Kendall Trainor

Profile
- Position: Kicker

Personal information
- Born: June 8, 1967 (52 years) Fredonia, Kansas, U.S.

Career information
- College: Arkansas (1987–1988)

Awards and highlights
- Consensus All-American (1988); First-team All-SWC (1988); Southwest Conference Champion (1988);

= Kendall Trainor =

American football player (born 1967)

Kendall Trainor (born July 8, 1967) is a former All-American placekicker for the University of Arkansas in 1988.

Trainor was an All-State selection for Fredonia High School under head coach Gene John and helped them to the 1983 Class 4A State Championship before he graduated in 1985.
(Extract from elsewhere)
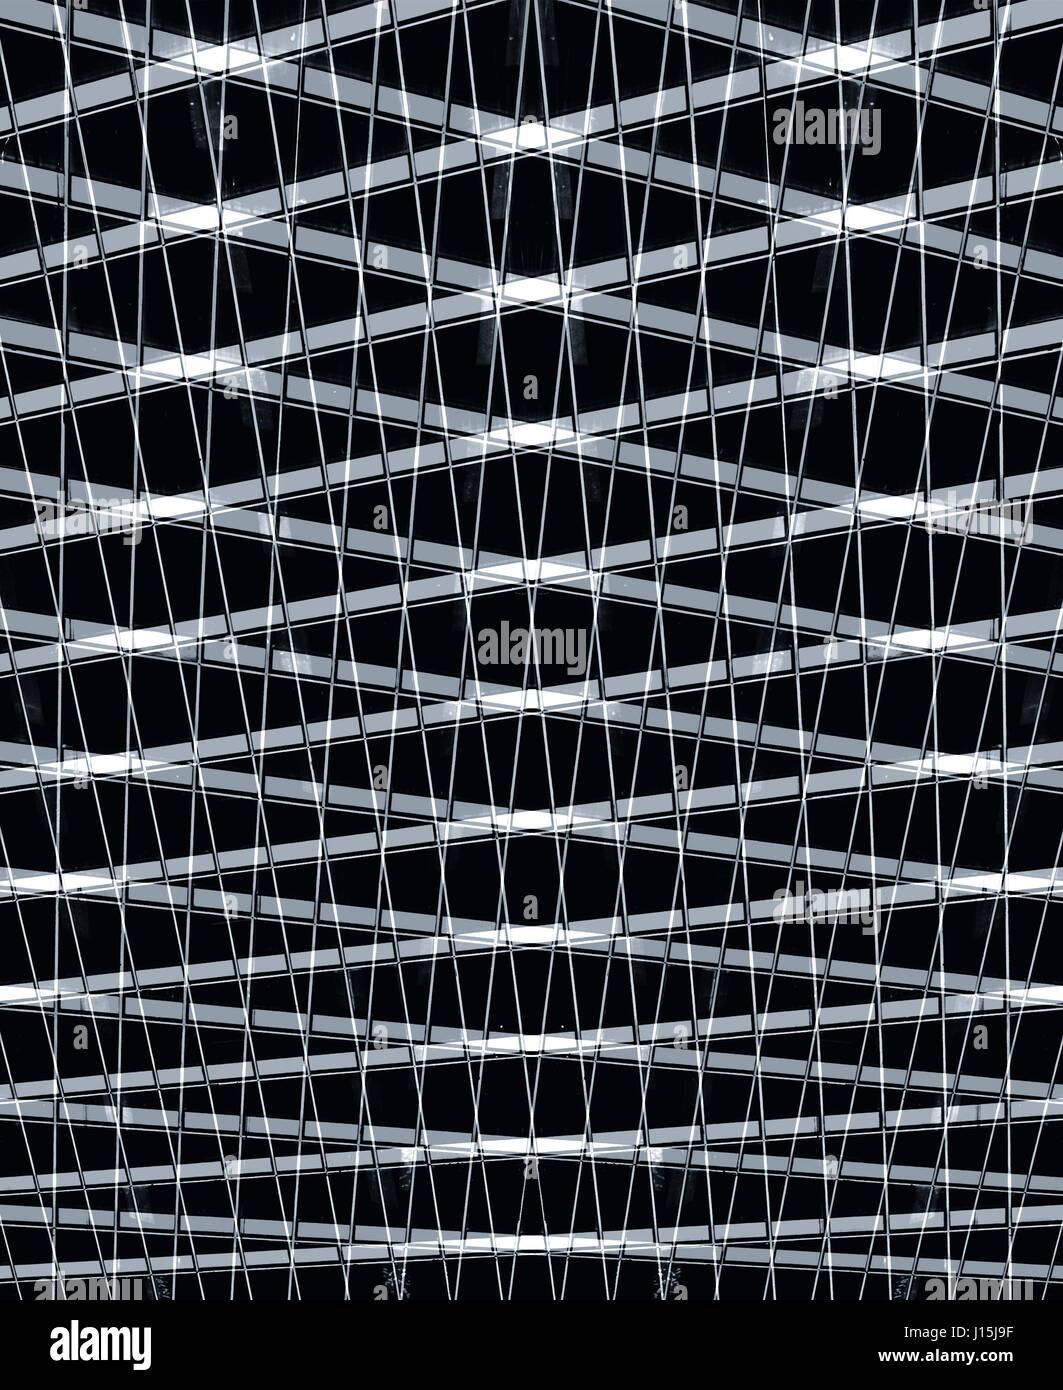 industrial pattern in black - Stock Image

In college, he led the nation in field goals per game as a senior in 1988 under head coach Ken Hatfield. Trainor, in addition to setting five school records, including most FG in a game, was a first-team All-Southwest Conference selection following his senior year and a first-team All-American on teams selected by the American Football Coaches Association, the Associated Press, the Walter Camp Foundation and The Sporting News. In 1989 he set the Southwest Conference Record for most successful FGs in a row with 24 and help the team win the Southwest Conference Championship.

Trainor was also a letterman on the Razorback baseball team under coach Norm DeBryn.

Trainor was drafted by the Phoenix Cardinals in the 9th Round of the 1989 NFL draft (#234 overall) with whom he signed, but he was released at the end of training camp that August.

In 1991, Trainor was the first kicker drafted in the World League of American Football draft, by the Sacramento Surge. After playing 6 games for the Surge in 1991, he moved to the New York/New Jersey Knights. With the Knights he hit 12/14 extra point attempts and 9/16 field goal attempts, finishing the inaugural season of the World League with 39 points, fifth overall among kickers. He was also the Surge's punter that year, punting 29 times for 946 yards. He stayed with the Knights for the 1992 season, kicking 22/25 extra points and 6/11 Field goals for 40 total points.

In 2015 Trainor was inducted into the Arkansas Sports Hall of Honor.